Face validity is at best a very weak kind of evidence that a measurement method is measuring what it is supposed to. One reason is that it is based on people’s intuitions about human behavior, which are frequently wrong
Content Validity
Content validity is the extent to which a measure “covers” the construct of interest. For example, consider that attitudes are usually defined as involving thoughts, feelings, and actions toward something. By this conceptual definition, a person has a positive attitude toward a firm to the extent that they think positive thoughts about this firm, would consider recommending the firm to others, and so on. So to have good content validity, a measure of people’s attitudes toward a firm would have to reflect all important aspects. Like face validity, content validity is not usually assessed quantitatively. Instead, it is assessed by carefully checking the measurement method against the conceptual definition of the construct, especially to see if all relevant underlying dimensions from the conceptual definitions are actually present in the measurement.
Criterion Validity
Criterion validity is the extent to which people’s scores on a measure are correlated with other variables (known as criteria) that one would expect them to be correlated with. For example, people’s scores on a a customer loyalty measure should be positively correlated with whether they actually stay at this firm. A measure of employee competence should (hopefully) be correlated with their end-of-year performance assessments, and so forth. If researchers would find that employees’ end-of-year assessments would be negatively correlated -or not correlated- to an employee competence assessment, this would cast doubt on the validity of the measure (or, in this specific case, perhaps on the performance assessments…).

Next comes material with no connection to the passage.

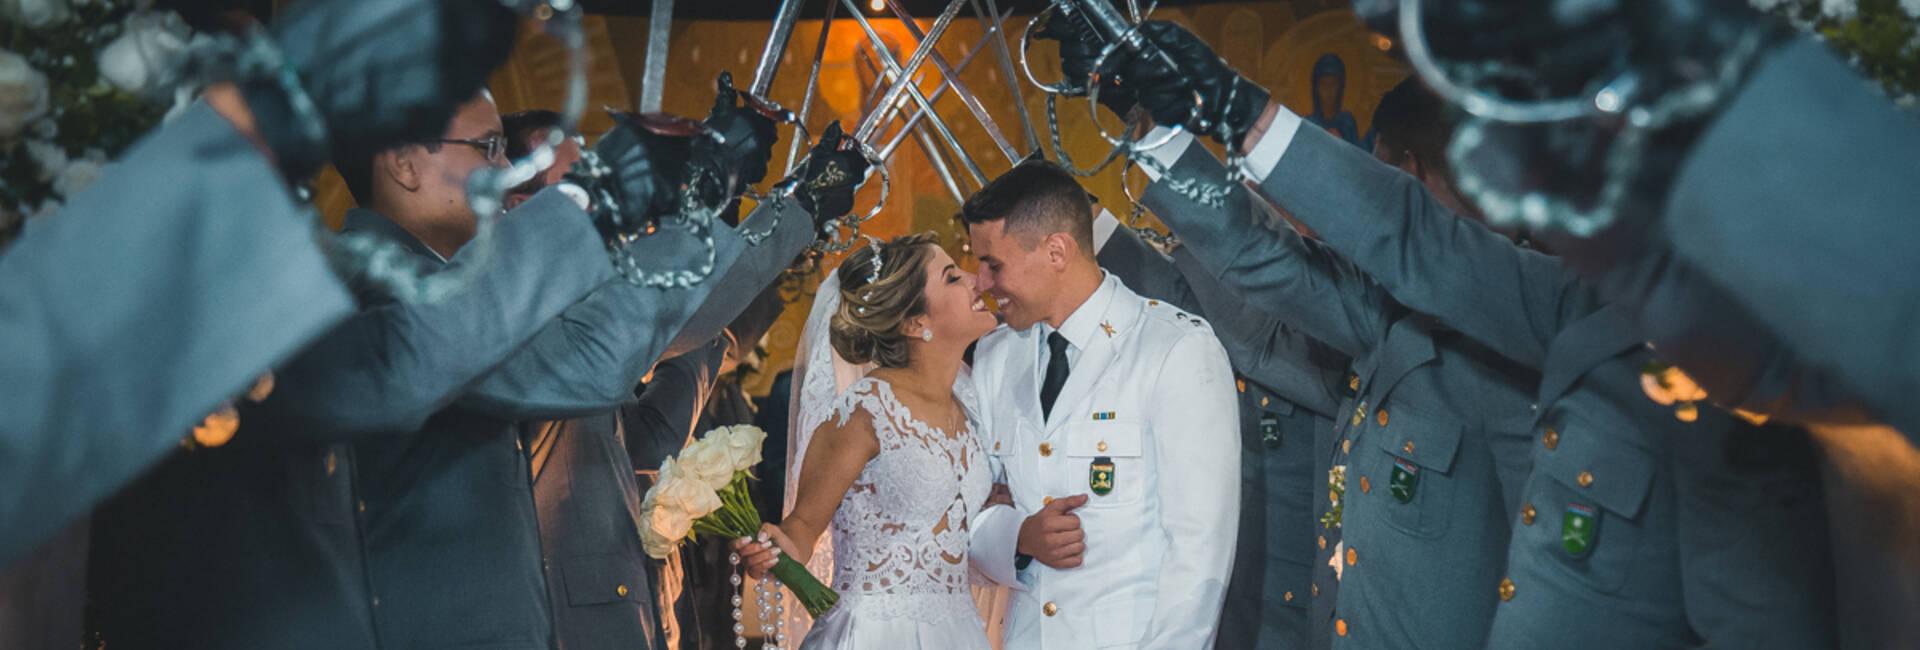 Casamento de Nayara & Andre

A criterion can be any variable that one has reason to think should be correlated with the construct being measured, and there will usually be many of them. For example, one would expect a measure of physical risk taking to be correlated with their participation in “extreme” activities such as snowboarding and rock climbing, the number of speeding tickets they have received, and even the number of broken bones they have had over the years. When the criterion is measured at the same time as the construct, criterion validity is referred to as concurrent validity; however, when the criterion is measured at some point in the future (after the construct has been measured), it is referred to as predictive validity (because scores on the measure have “predicted” a future outcome). Criteria can also include other measures of the same construct. For example, one would expect new measures of test anxiety or physical risk taking to be positively correlated with existing established measures of the same constructs. This is known as convergent validity.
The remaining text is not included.